FRESH plans to demolish staff houses and build 248 student flats at the University of York look set to win the go-ahead next week.

Planners say the campus scheme will help reduce pressure from students on private housing throughout the city.

The university's proposals involve flattening four small terraces of four storey houses at Bleachfield, Heslington, on the north-western edge of the main campus.

The 21 timber houses, built in the 1970s, once provided accommodation for university staff but are currently derelict and boarded up.

The university wants to build six separate accommodation blocks on the site, three of them four storeys high and the others three storeys high, along with a single storey utility building.

The proposals were turned down by City of York Council's planning committee earlier this year, because the design standards were not high enough.

The scheme has now been re-submitted following changes, and officers are recommending approval when it goes back before the committee next Thursday, saying that they consider the design and appearance to be acceptable.

Development control officer Matthew Parkinson says it is regrettable that the old buildings are being lost, as they do offer a unique character and form not seen elsewhere on the campus.

"However, this has to be weighed against the clearly changed circumstances since these were built in the 1970s.

"The university has expanded significantly, and there is now significant pressure to include as much student accommodation within the campus as possible in order to reduce the pressure on private housing throughout the city."

However, the proposals have continued to meet with opposition from some residents and local organisations.

Objectors claim that there have been only "minor, token elevational changes" to the scheme.

Fishergate Planning Panel claimed the flats would be inappropriate over development of the site.

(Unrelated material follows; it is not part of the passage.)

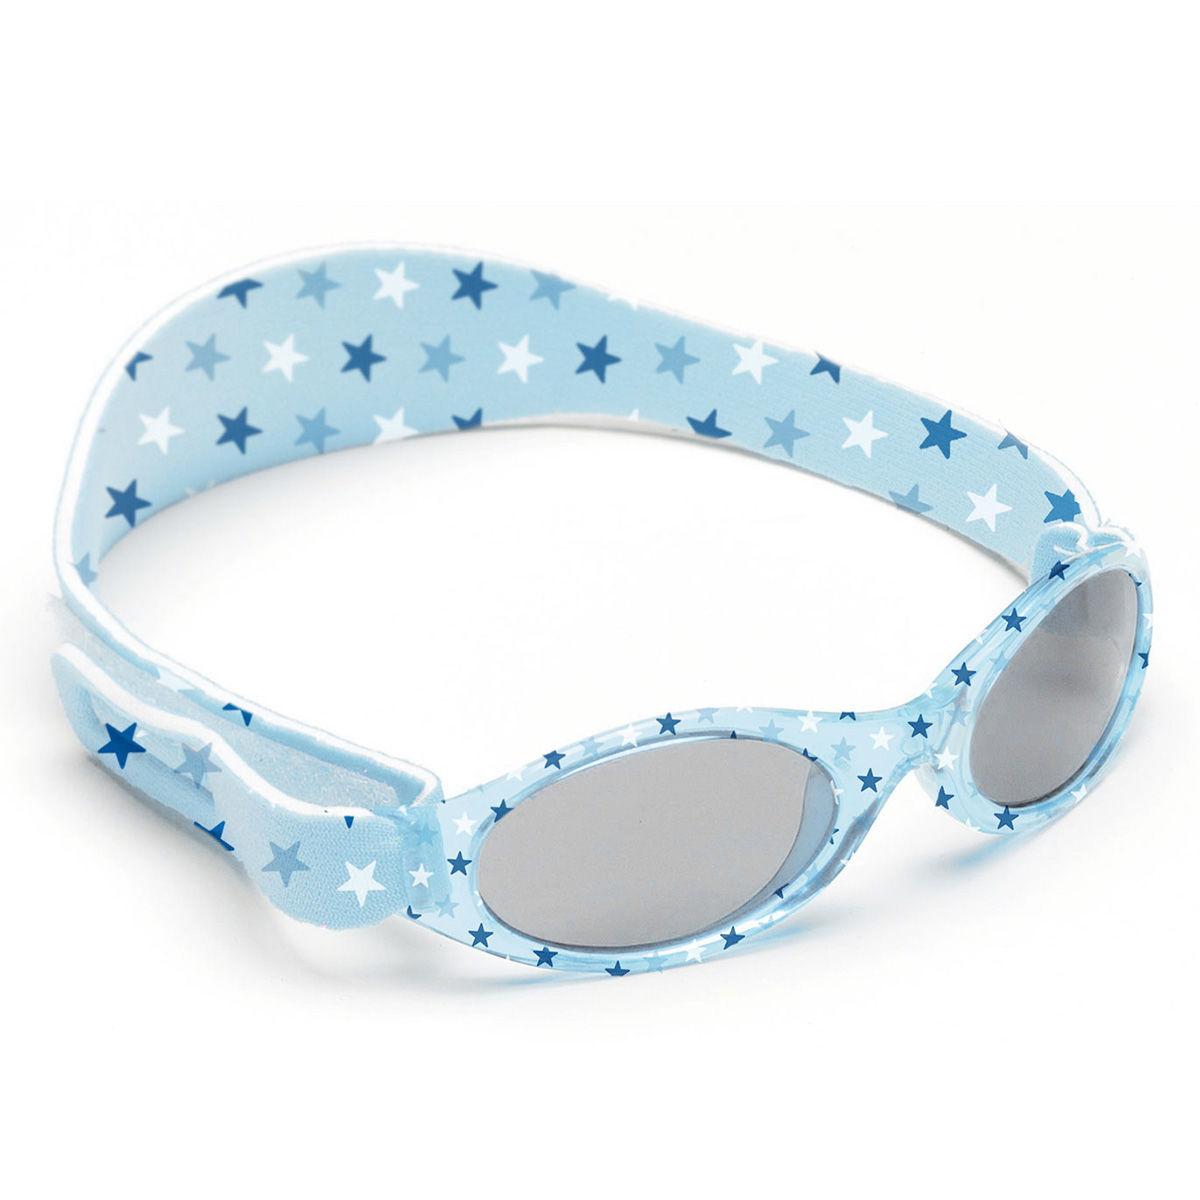 Afbeelding van Dooky BabyBanz Zonnebril (0-2 jaar) Blue Stars

Heslington Parish Council said a more appropriate design should be considered.

Appalling' plan is backed

PLANNERS look set to approve a large new building for York St John University on the site of a former shoe shop, despite strong criticisms.

The university wants to build the three and four storey building on the corner of Clarence Street and Lord Mayor's Walk.

The revised scheme involves the demolition of buildings associated with the former Wynsors shoe store, says a report to councillors.

The new building, which would provide academic floorspace for the university, would be a "complex" structure which will be "wrapped around" two Grade Two listed buildings in Lord Mayor's Walk, which the university also wants to convert into offices.

Development control officer Rachel Tyas says the scheme would enrich the setting of the local conservation area and recommends approval.

However, York Civic Trust, which raised objections to original plans, is still unhappy with the scheme following changes. The trust claimed that with the original plans, the form, mass, scale and relationship of the proposed new buildings to their surroundings were totally alien to the grain and historic character of York. Guildhall Planning Panel described the scehem as "appalling" and "ugly".